The plan also factors in the need to import an additional 9 GW of wind energy from Idaho, Wyoming and New Mexico, which will require “enhancing corridors from the ISO border in southeastern Nevada and from western Arizona into California load centers.”
The plan additionally considers the transmission access needs of co-located battery storage projects across California, as well as for standalone projects close to major load centers in the Los Angeles Basin, the Greater Bay Area and San Diego.
“Our draft plan reflects the ISO’s proactive approach to transmission planning and underscores our ongoing collaboration with local, state and regional partners to ensure California has the necessary infrastructure to deliver clean energy reliably and cost-effectively to consumers,” Neil Millar, CAISO vice president for transmission planning and infrastructure development, said in a statement.
The ISO noted some of the projects would use grid-enhancing technologies.
Mostly Reliability
Twenty-eight reliability-driven projects account for nearly all the proposed spending, at roughly $4.56 billion.
“While the resource planning needs have not increased materially from those reflected in last year’s transmission plan, the increased rate of load growth reflected in the most recent load forecast associated with building and other electrification, data center growth and transportation electrification results in significant reliability-driven needs in this year’s transmission plan,” the plan says.

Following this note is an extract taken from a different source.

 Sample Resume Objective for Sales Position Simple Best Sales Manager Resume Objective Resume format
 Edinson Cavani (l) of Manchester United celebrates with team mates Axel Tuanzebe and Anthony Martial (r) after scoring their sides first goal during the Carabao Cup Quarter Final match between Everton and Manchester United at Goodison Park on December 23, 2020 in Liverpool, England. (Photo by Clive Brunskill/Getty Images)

The 2024/25 plan assumes the state’s peak demand will increase at a 1.53% yearly rate, compared with a 0.99% forecasted growth rate in the previous plan. Peak demand in the Greater Bay Area now is expected to grow by 2.14% annually (up from 1.22%), translating into a 2,000-MW increase in the region’s 2035 peak load forecast, “with most of the growth coming from electrification of the transportation and building sectors of the state’s economy and an anticipated increase in data centers associated with artificial intelligence.” (See Data Centers Contribute to 60% Increase in San Jose Load Forecast.)
The Bay Area would host the priciest reliability projects in the plan, including Pacific Gas and Electric’s North Oakland ($1.13 billion) and Greater Bay 500-kV transmission ($700 million) reinforcement projects. San Diego Gas & Electric’s Downtown Reliability reinforcement project comes in third at $500 million.
Three policy-driven projects would entail about $289.5 million in spending.
All three recommended policy projects are in PG&E’s territory, including two in Fresno and one in the North Coast/North Bay local area. “They are needed to meet the renewable generation requirements established in the CPUC-developed renewable generation portfolios,” the ISO said.
CAISO said the plan identified no economically driven projects, representing those that would reduce costs for ratepayers but are not needed for reliability.
The ISO said the 31 recommended projects “represent significant investments that are phased in over lead times of up to eight to 10 years, which are reasonable for some of the projects to be completed.”
Costs would translate into about 0.5 cents/kWh over the life of the projects and will be phased in as lines come into service, the ISO said.
CAISO will hold an April 15 public stakeholder call on the draft plan and is taking comments through April 29. The ISO’s Board of Governors is expected to vote on the plan at its May meeting.